Os franceses da região de Lille parecem ignorar que há cem anos, muito perto dali, nas linhas das trincheiras da Primeira Guerra Mundial, se jogava o futuro da Europa e do Mundo. Aparentam um ar grave e triste. Parecem felizes nas superfícies comerciais a transportar carrinhos de mão, abarrotados de compras, e nos restaurantes aquecidos devorando suculentos pratos de carne: filets, côtelettes, rotis e cassoulets.
Atravessa-se a França de carro e as cidades ficam-nos ao lado: Rouen, Amiens, Le Mans, Tours, Angoulême ... As auto estradas são canais assépticos que só revelam a monotonia da paisagem e camuflam a atividade humana. Eu ainda conheci a outra França, das pequenas aldeias balzaquianas, das mobillettes e das pessoas levando na mão as longas baguettes de pão.
Para o viajante ou o turista de hoje o digital domina tudo. Já não precisamos de mapas nem de guias. Com um smartphone e as facilidades do roaming estamos conectados com o mundo inteiro.
Na noite da meseta, o céu volta a ganhar a dimensão e o mistério que a luz elétrica e o néon das cidades lhe roubou há muito. Até a Lua grande, que já a começou a minguar, não consegue esconder o esplendor da bela constelação de Orion. E o esbranquiçado dos aglomerados da Via Láctea deixa voar a nossa imaginação para o infinito, e remete-nos à nossa insignificância.
Na judiaria de Hervas, tento compreender o drama provocado pelo Édito de Expulsão promulgado pelos Reis Católicos.
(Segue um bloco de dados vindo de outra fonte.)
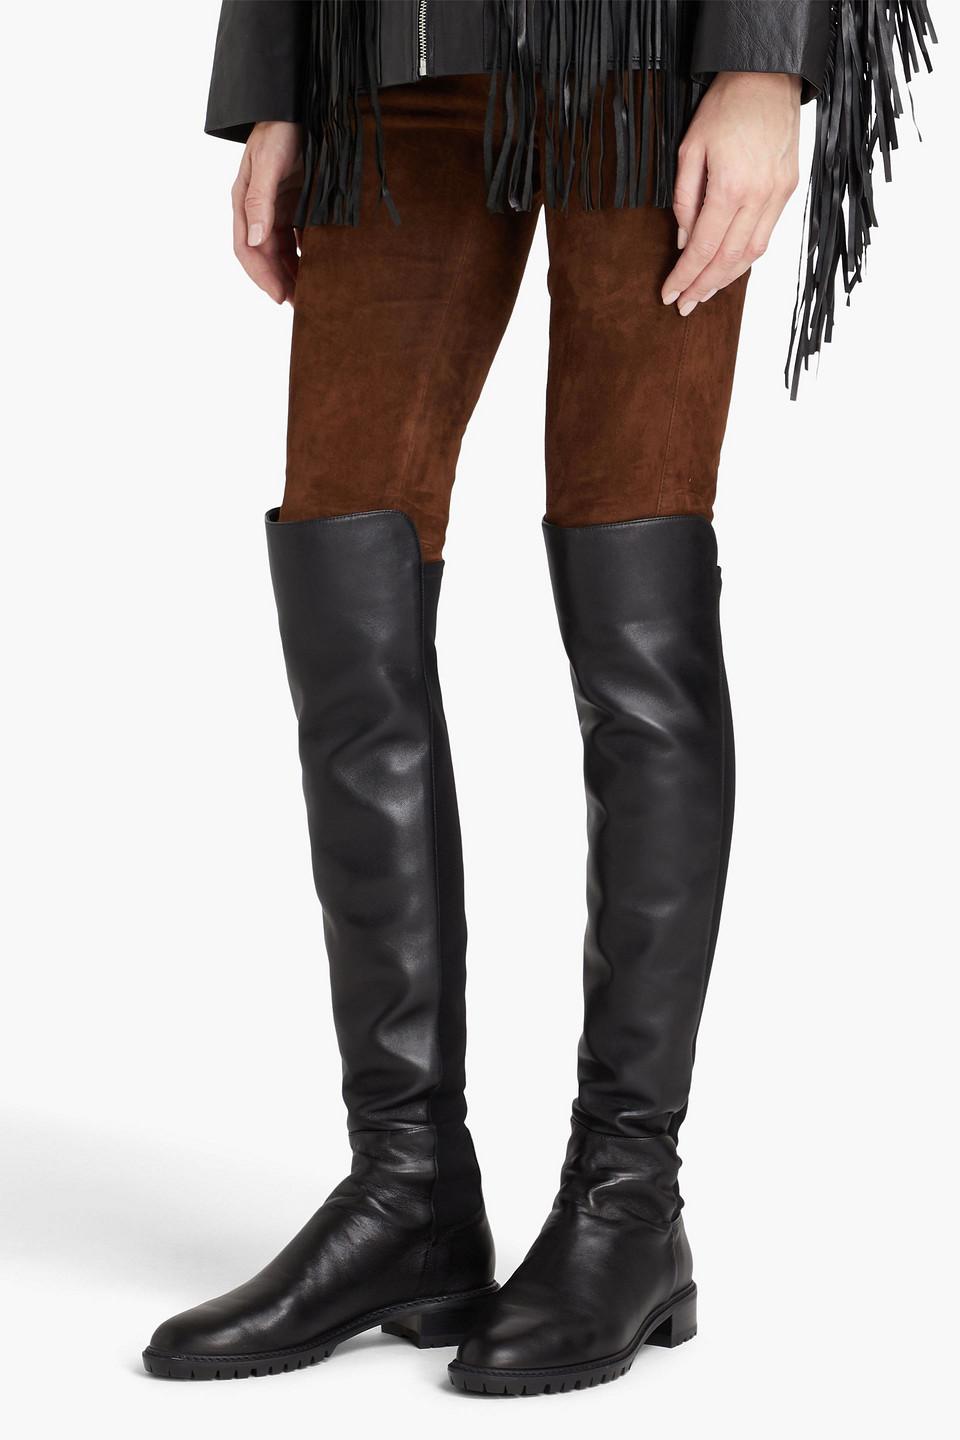 Stuart Weitzman Keelan Leather And Neoprene Over-the-knee Boots in Black |  Lyst

Muitos judeus foram dali empurrados e vieram povoar as terras da raia portuguesa: Belmonte, Trancoso e Castelo Rodrigo. Imagino que alguma daquelas casas teria sido ocupada por um dos meus antepassados de Mata de Lobos. A Inquisição é, ainda hoje, algo que escapa ao meu entendimento.
Nas primeiras horas após o nascer do Sol, a Estremadura espanhola tem uma beleza estonteante: milhafres e águias elevam-se no ar, impulsionadas pelas correntes ascendentes do ar que o Sol começa a aquecer. A terra, esbranquiçada pela geada, reflete a luz solar e brilha como um espelho. A vista espraia-se por um horizonte sem fim com farrapos de neblina alongando-se sobre os vales.
Já depois de Cáceres, na berma da estrada jaz uma coruja das torres que, imagino, não terá escapado a tempo do choque com um carro a alta velocidade. É um animal que tinha um significado muito especial para as populações rurais. Chamavam-lhe rasga mortalhas, porque o seu grito agourento faz lembrar o ruído rouco do rasgar de um tecido.
Em Estremoz, havia feira Gastronómica de Caça e Pesca. Com ar de sofreguidão, as famílias aglomeravam-se à espera de lugar na entrada dos restaurantes que serviam migas e outras especiarias. Ficavam indiferentes ao trabalho do Eduardo, um taxidermista que na sua banca exibia patos, perdizes, pombos, estorninhos malhados e tordos. Confessou-nos que trabalhava aquela arte, com amor, desde os onze anos de idade. E nós logo ali imaginámos a coruja das torres conservada pelo Eduardo para ficar como recordação desta memorável viagem pela Europa.